◆ What you will do: Please transcribe the lines below exactly, and leave every image behind.

[Data extract]

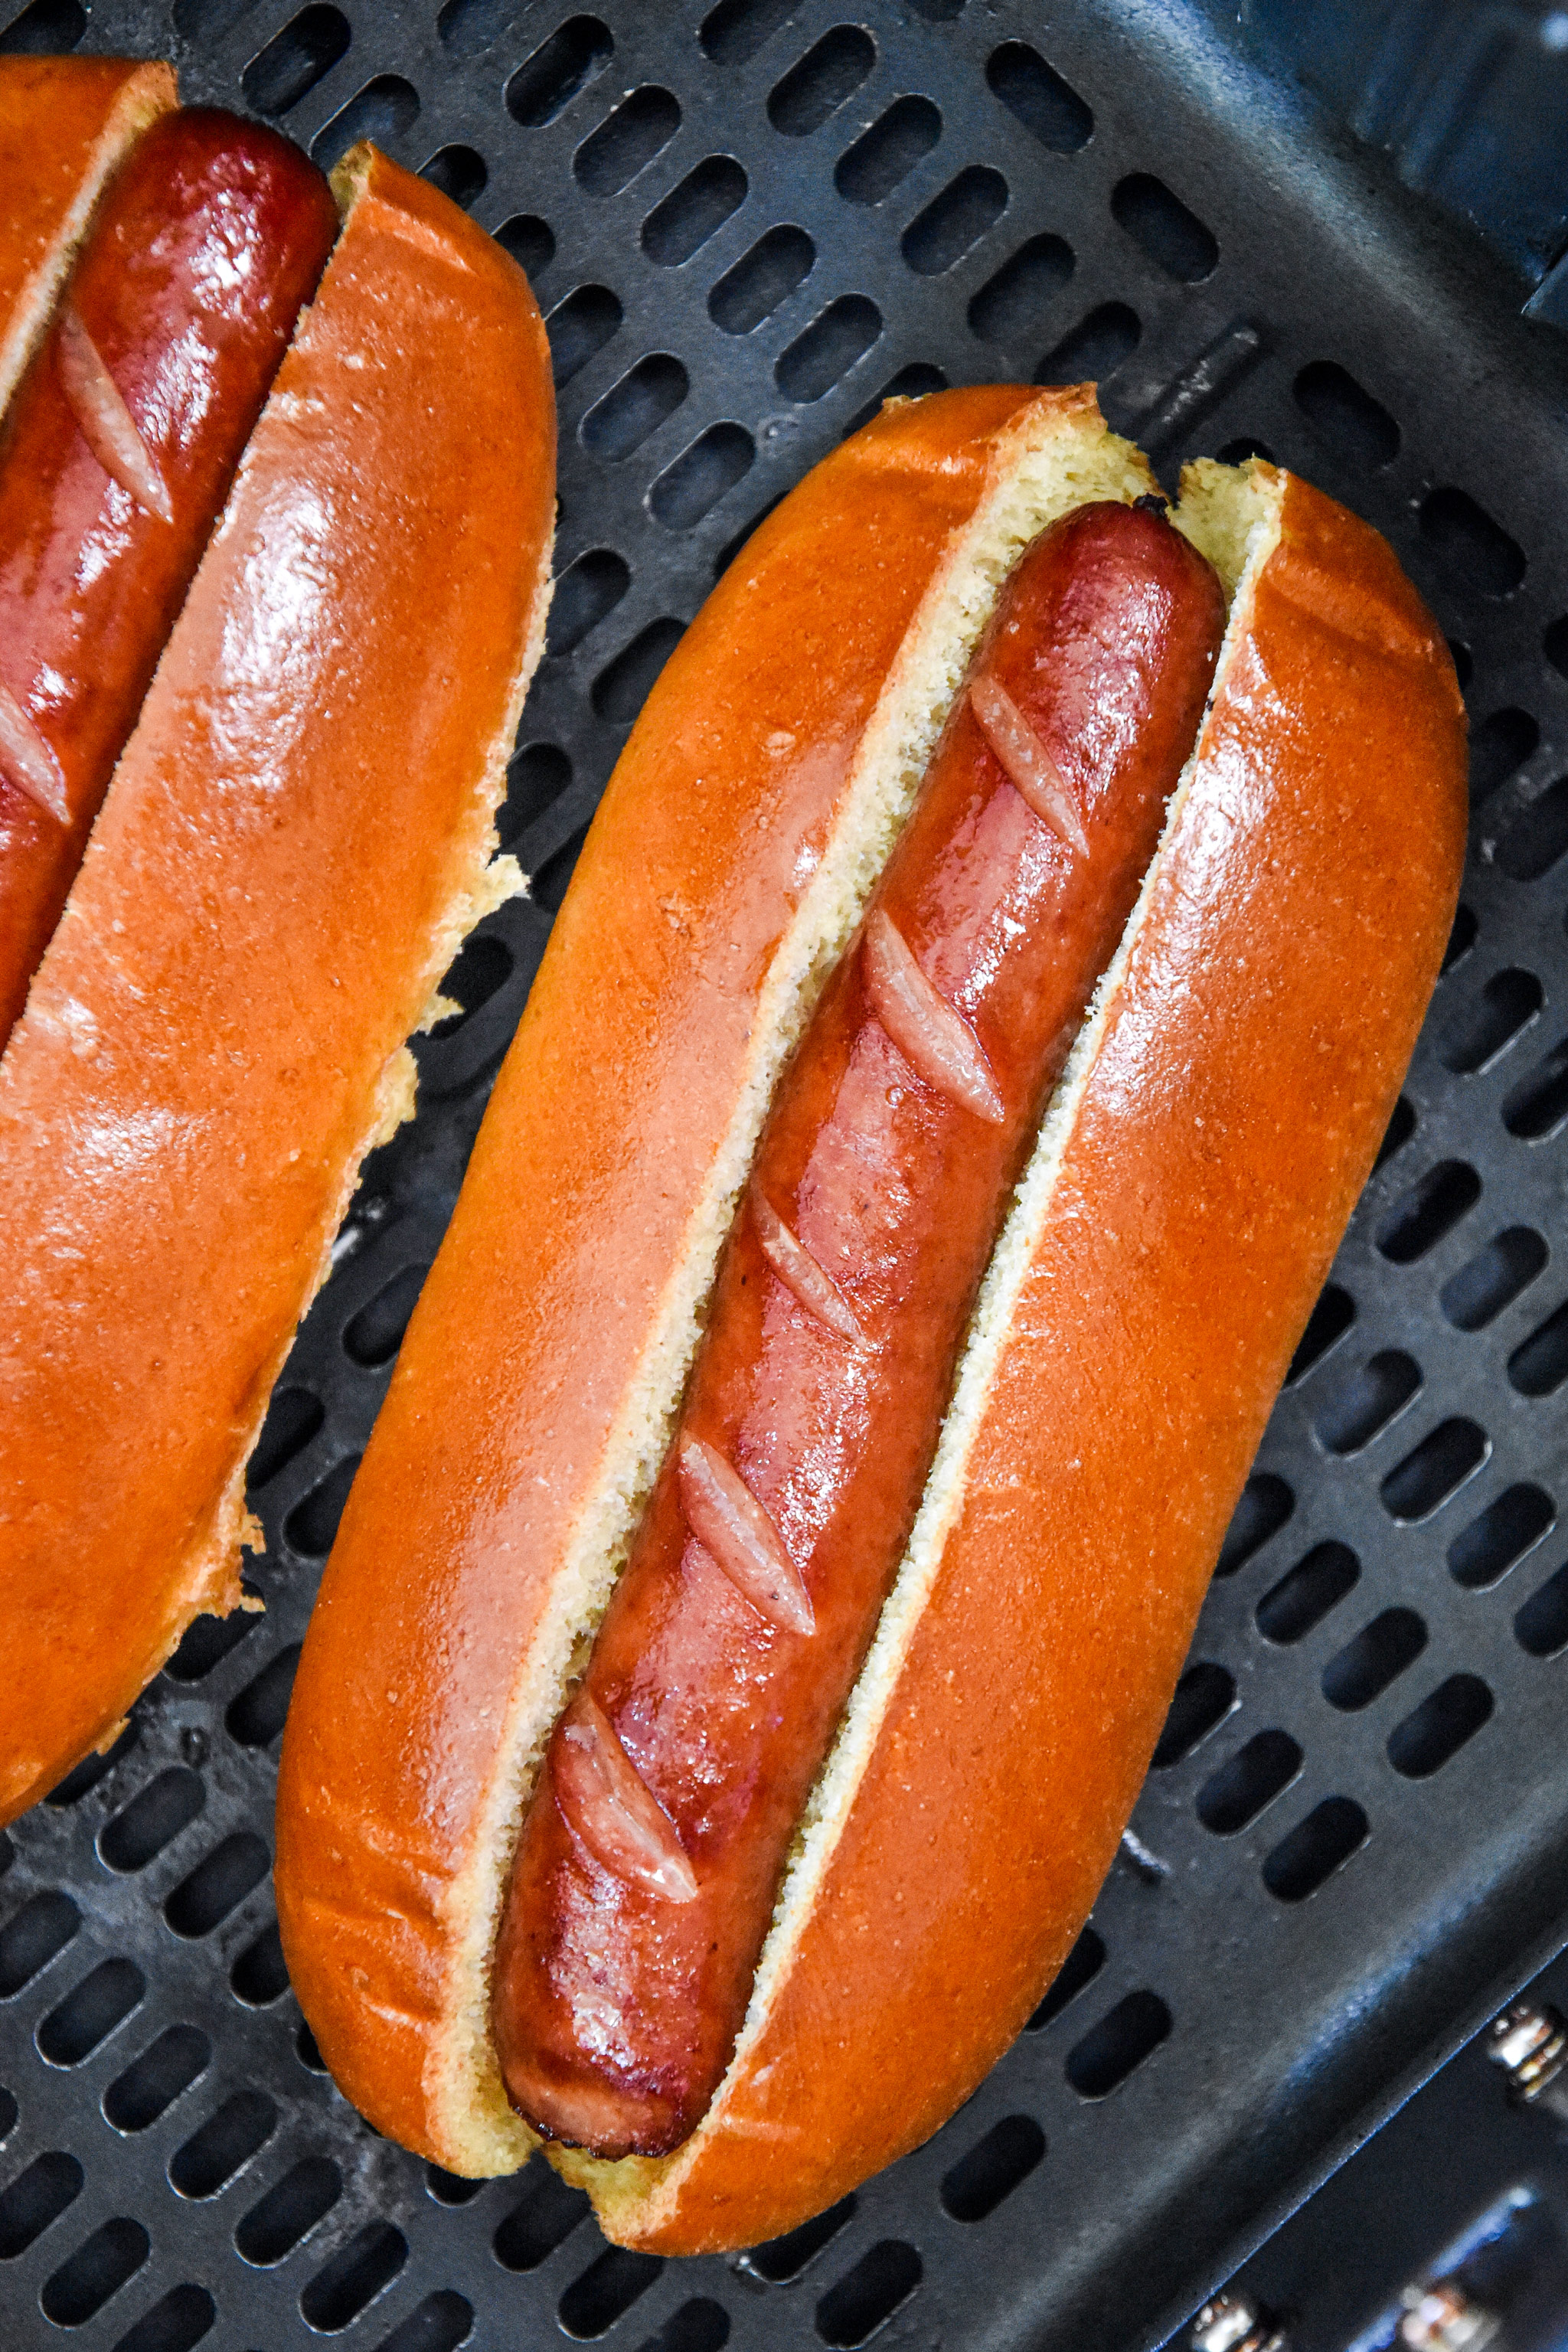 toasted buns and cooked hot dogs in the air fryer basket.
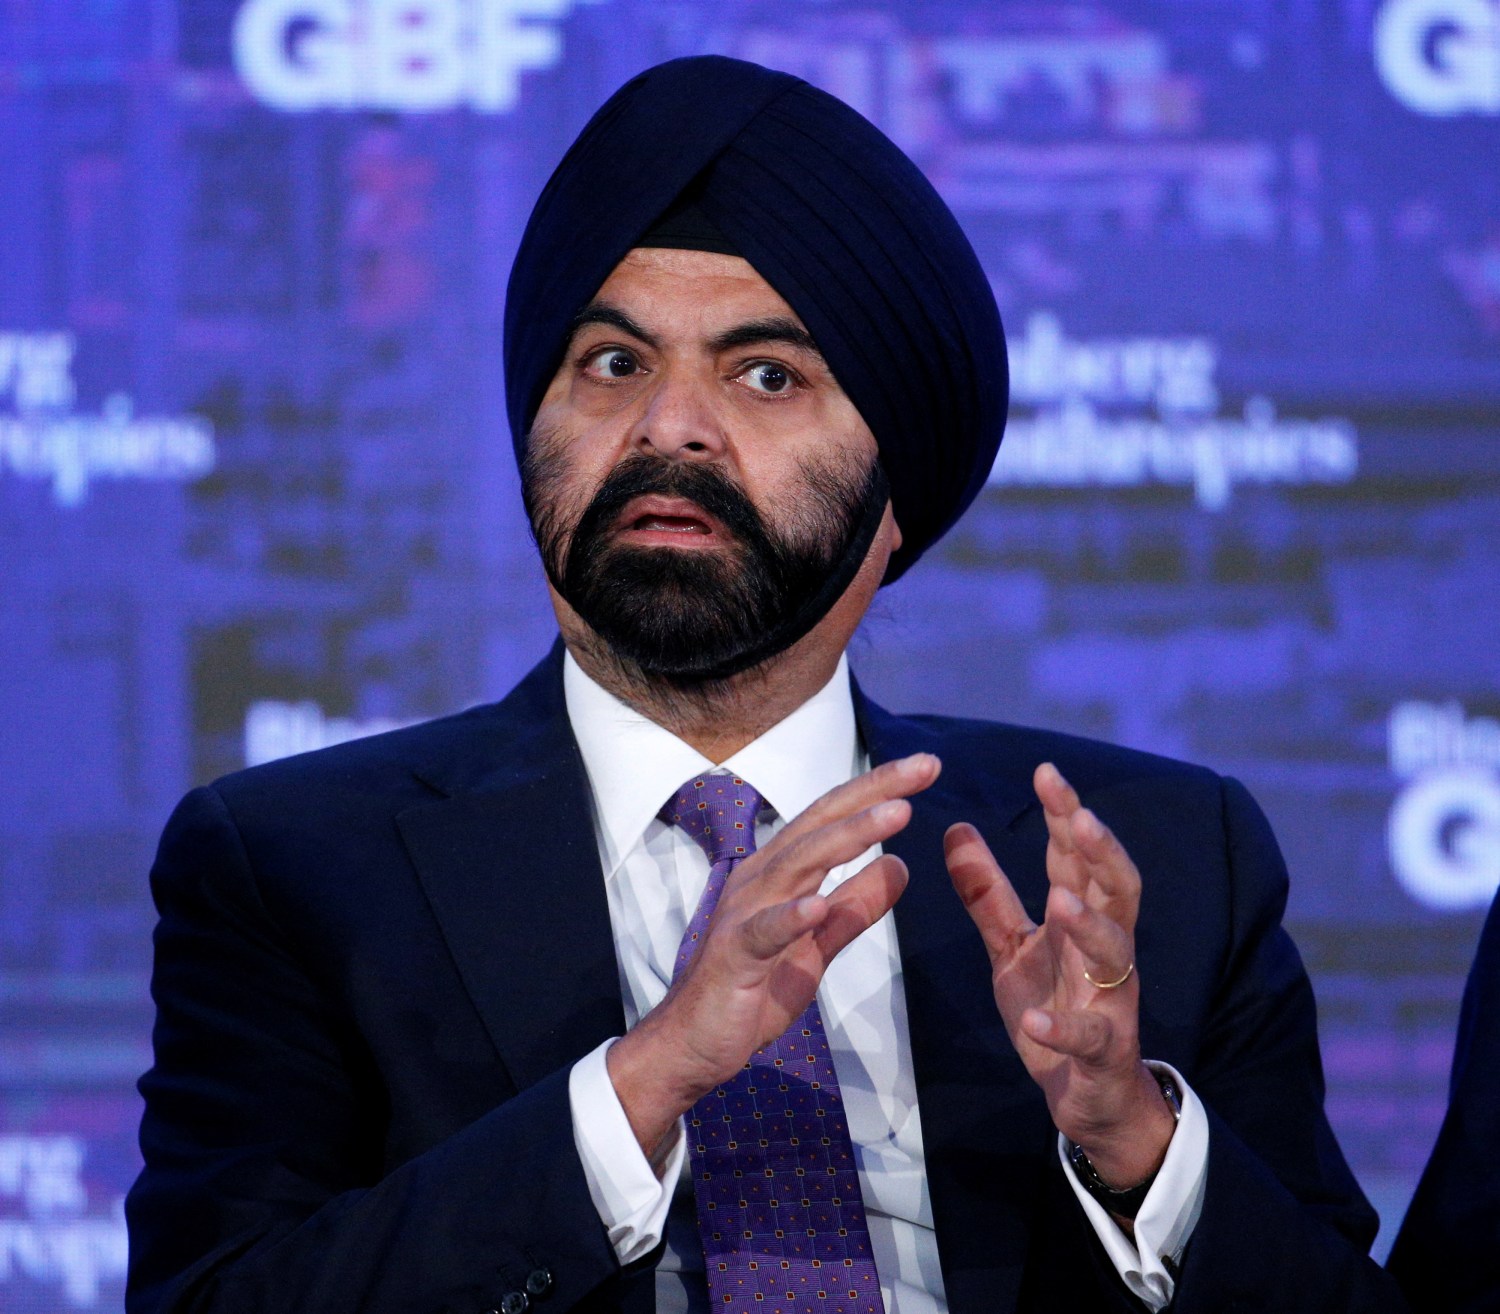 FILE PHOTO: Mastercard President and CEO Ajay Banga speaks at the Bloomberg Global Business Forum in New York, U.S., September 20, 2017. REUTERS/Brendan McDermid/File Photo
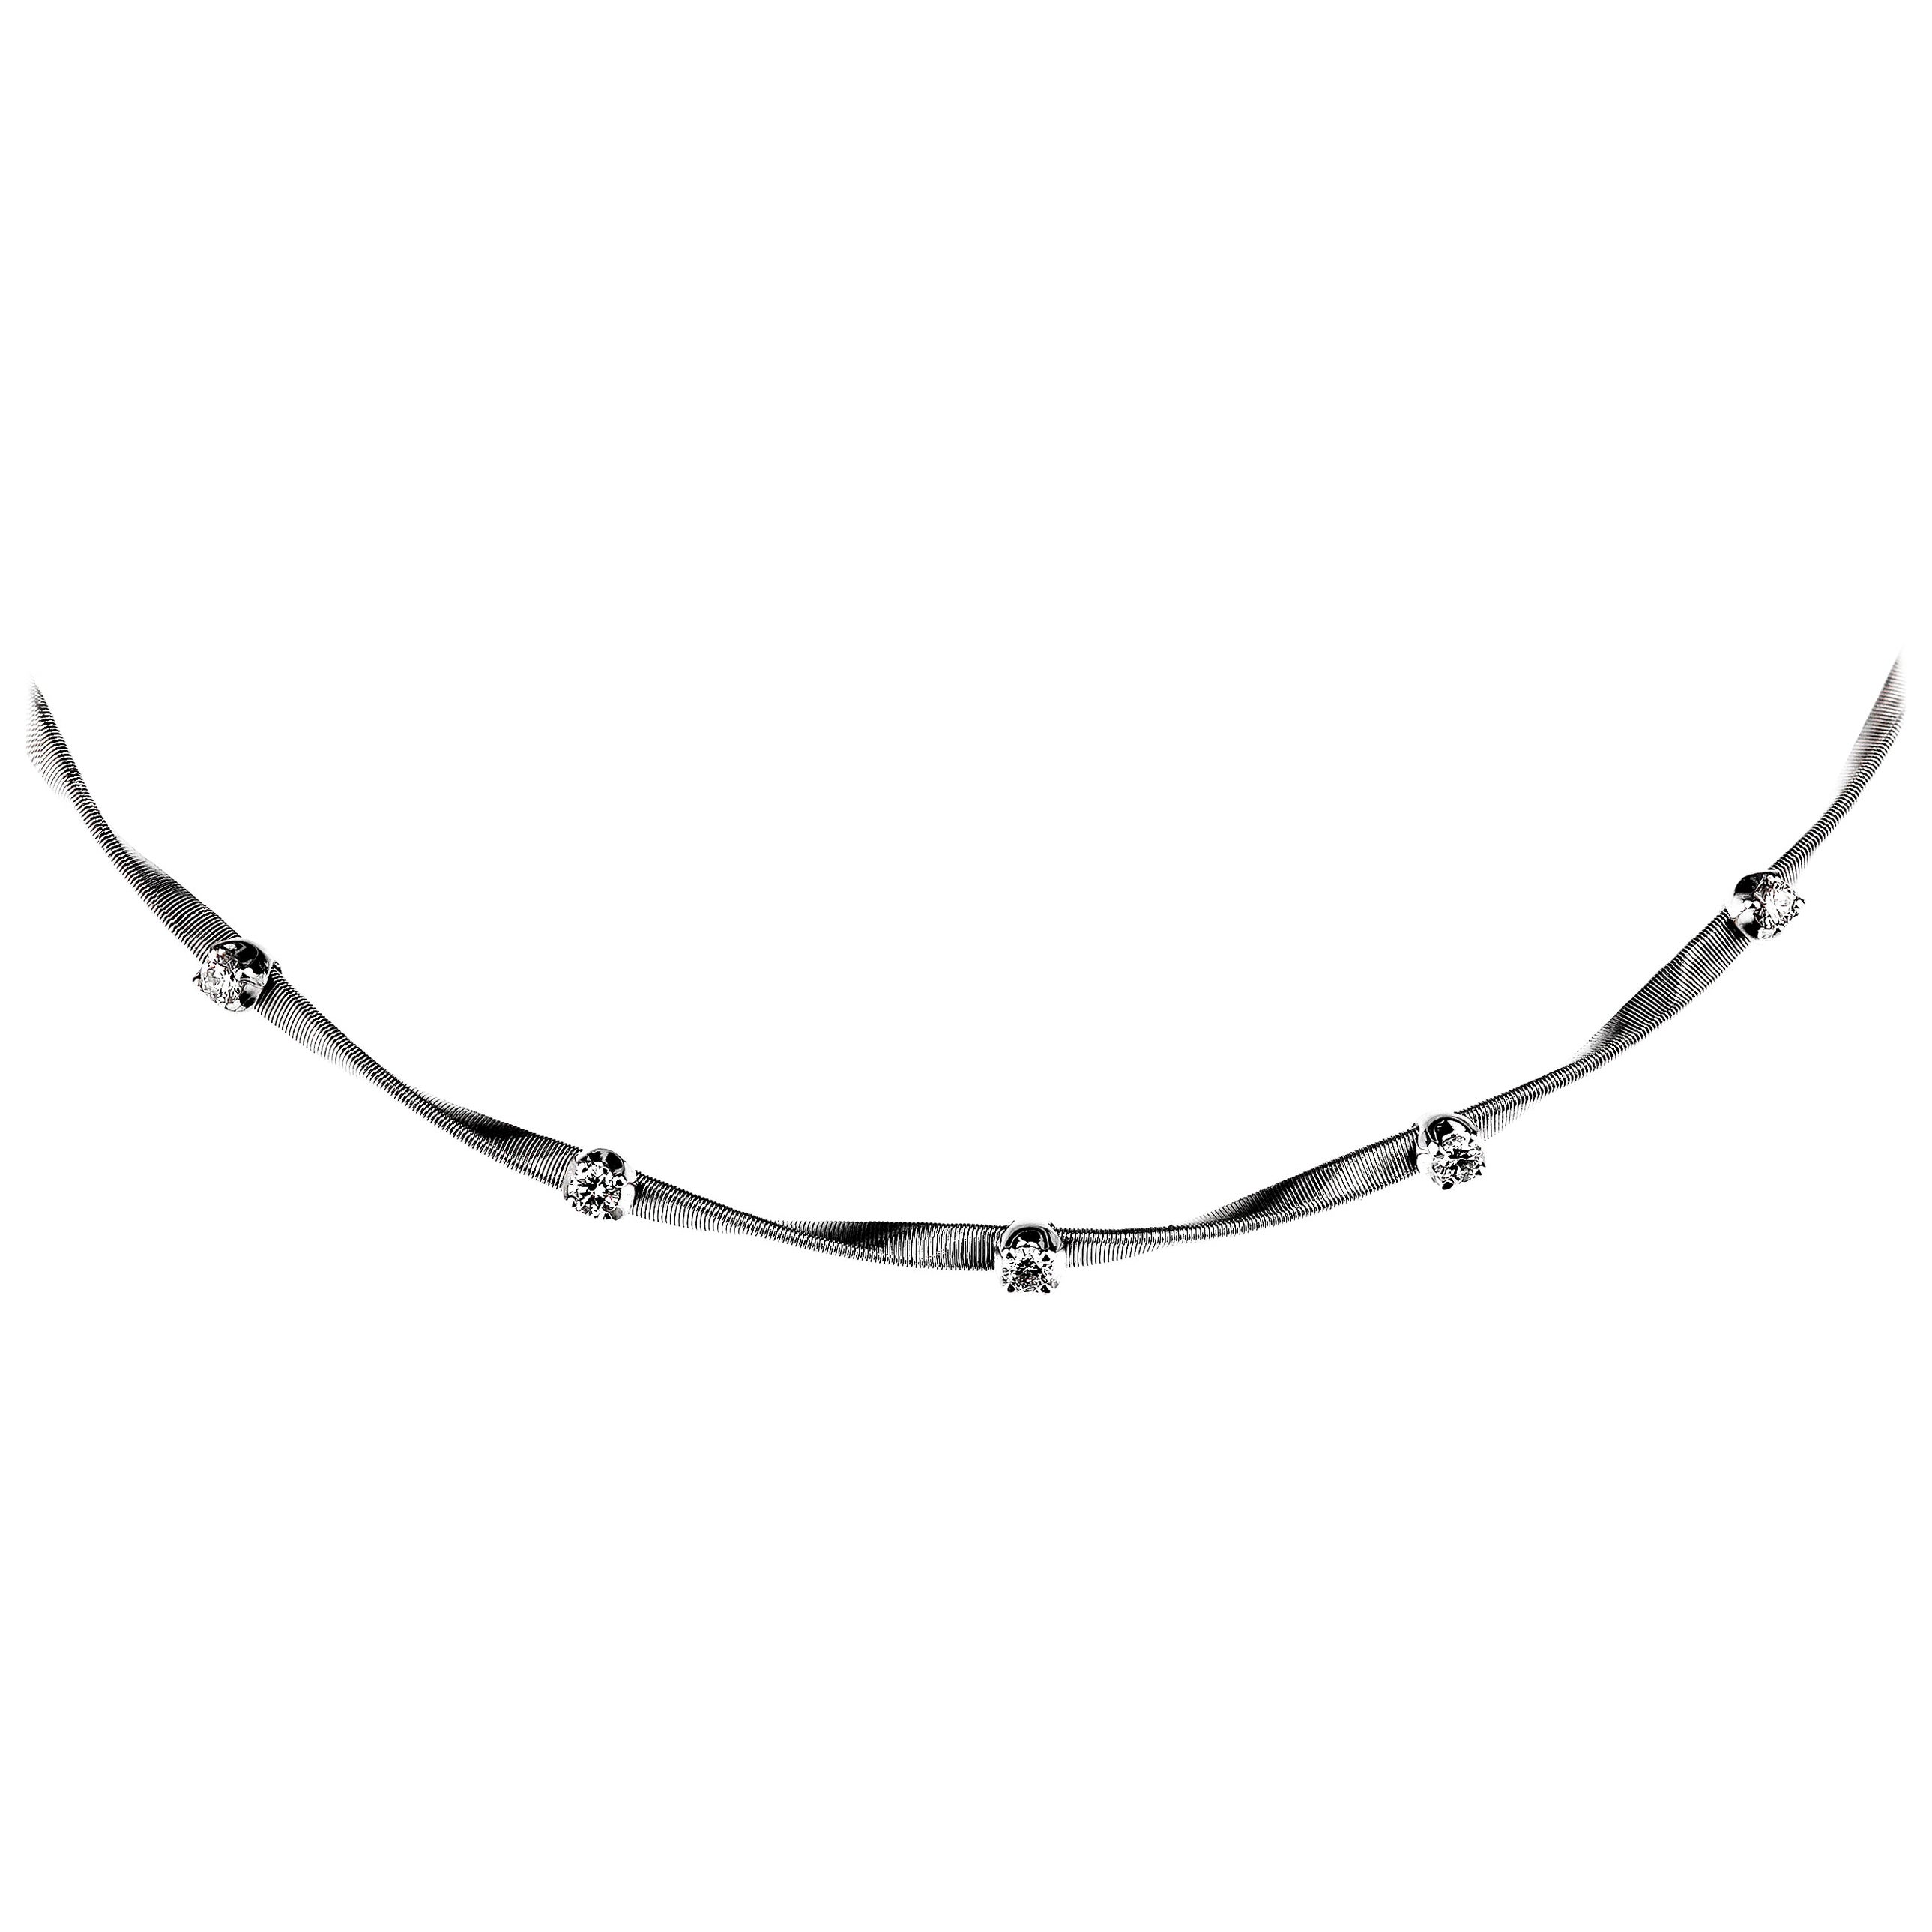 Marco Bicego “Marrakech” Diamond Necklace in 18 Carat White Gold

[/Data extract]

◆ Task response:
 toasted buns and cooked hot dogs in the air fryer basket.
 FILE PHOTO: Mastercard President and CEO Ajay Banga speaks at the Bloomberg Global Business Forum in New York, U.S., September 20, 2017. REUTERS/Brendan McDermid/File Photo
 Marco Bicego “Marrakech” Diamond Necklace in 18 Carat White Gold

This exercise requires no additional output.